Navale Vivek, McAuliffe Matthew
Center for Information Technology, National Institutes of Health, Bethesda, Maryland, 20892, USA.
F1000Res. 2018 Aug 29;7:1353. doi: 10.12688/f1000research.16015.1. eCollection 2018.
Genomics and molecular imaging, along with clinical and translational research have transformed biomedical science into a data-intensive scientific endeavor. For researchers to benefit from Big Data sets, developing long-term biomedical digital data preservation strategy is very important. In this opinion article, we discuss specific actions that researchers and institutions can take to make research data a continued resource even after research projects have reached the end of their lifecycle. The actions involve utilizing an Open Archival Information System model comprised of six functional entities: Ingest, Access, Data Management, Archival Storage, Administration and Preservation Planning. We believe that involvement of data stewards early in the digital data life-cycle management process can significantly contribute towards long term preservation of biomedical data. Developing data collection strategies consistent with institutional policies, and encouraging the use of common data elements in clinical research, patient registries and other human subject research can be advantageous for data sharing and integration purposes. Specifically, data stewards at the onset of research program should engage with established repositories and curators to develop data sustainability plans for research data. Placing equal importance on the requirements for initial activities (e.g., collection, processing, storage) with subsequent activities (data analysis, sharing) can improve data quality, provide traceability and support reproducibility. Preparing and tracking data provenance, using common data elements and biomedical ontologies are important for standardizing the data description, making the interpretation and reuse of data easier. The Big Data biomedical community requires scalable platform that can support the diversity and complexity of data ingest modes (e.g. machine, software or human entry modes). Secure virtual workspaces to integrate and manipulate data, with shared software programs (e.g., bioinformatics tools), can facilitate the FAIR (Findable, Accessible, Interoperable and Reusable) use of data for near- and long-term research needs.
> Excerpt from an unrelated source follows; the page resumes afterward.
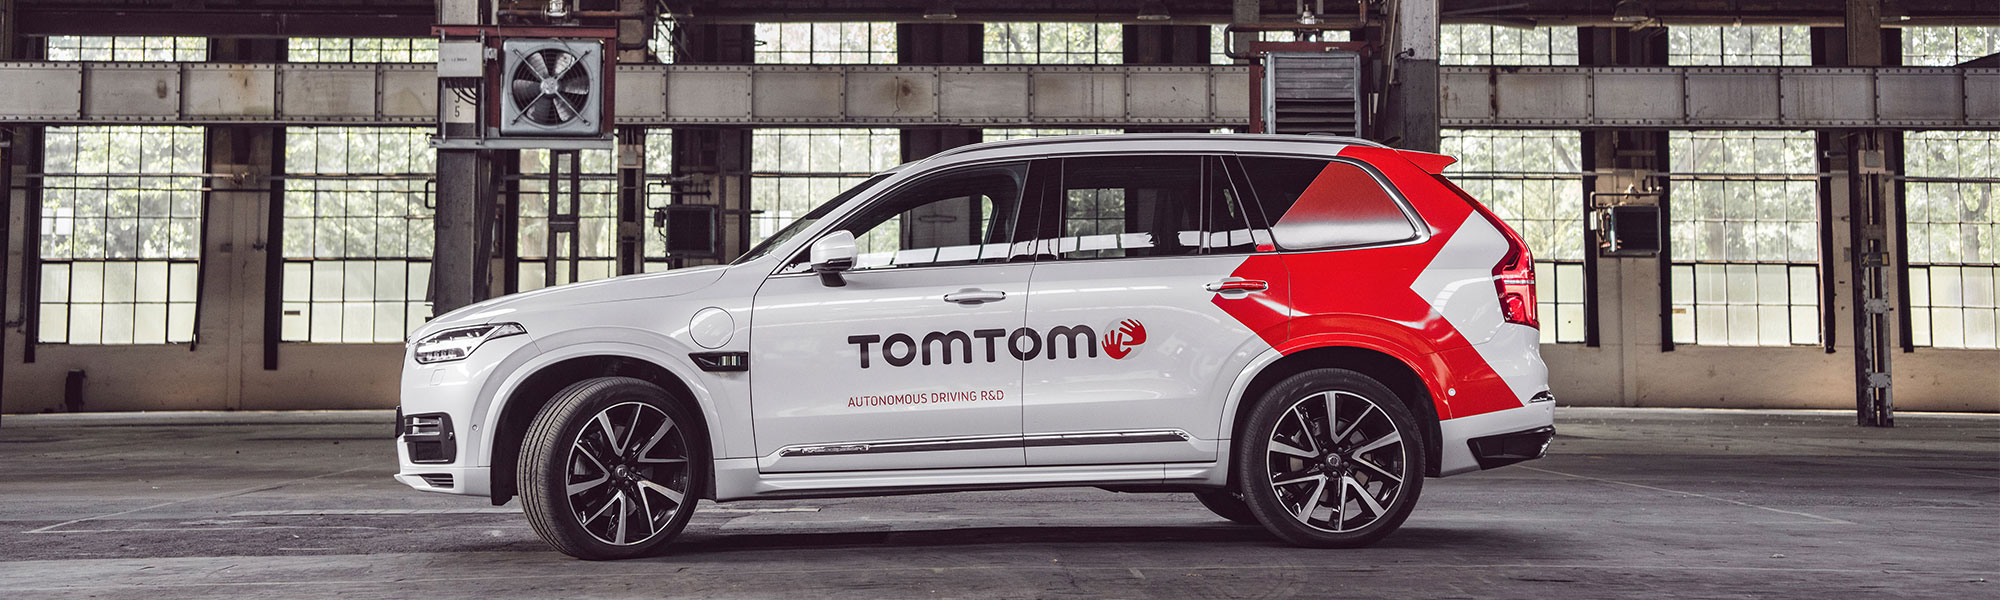 How does TomTom’s self-driving test car help developers make better HD maps?

基因组学与分子成像,以及临床和转化研究,已将生物医学科学转变为一项数据密集型的科学事业。为使研究人员能从大数据集中受益,制定长期生物医学数字数据保存策略非常重要。在这篇观点文章中,我们讨论了研究人员和机构可以采取的具体行动,以便即使在研究项目进入生命周期末期后,仍能使研究数据成为持续可用的资源。这些行动包括利用一个由六个功能实体组成的开放存档信息系统模型:摄取、访问、数据管理、存档存储、管理和保存规划。我们认为,数据管理员在数字数据生命周期管理过程的早期参与,可显著有助于生物医学数据的长期保存。制定与机构政策一致的数据收集策略,并鼓励在临床研究、患者登记和其他人体研究中使用通用数据元素,对于数据共享和整合目的可能是有利的。具体而言,研究项目启动时的数据管理员应与既定的存储库和策展人合作,为研究数据制定数据可持续性计划。对初始活动(如收集、处理、存储)和后续活动(数据分析、共享)的要求给予同等重视,可提高数据质量、提供可追溯性并支持可重复性。准备和跟踪数据出处、使用通用数据元素和生物医学本体,对于规范数据描述、使数据的解释和重用更容易很重要。大数据生物医学领域需要可扩展的平台,以支持数据摄取模式(如机器、软件或人工输入模式)的多样性和复杂性。带有共享软件程序(如生物信息学工具)的安全虚拟工作区,用于集成和处理数据,可促进为近期和长期研究需求对数据进行公平(可查找、可访问、可互操作和可重用)使用。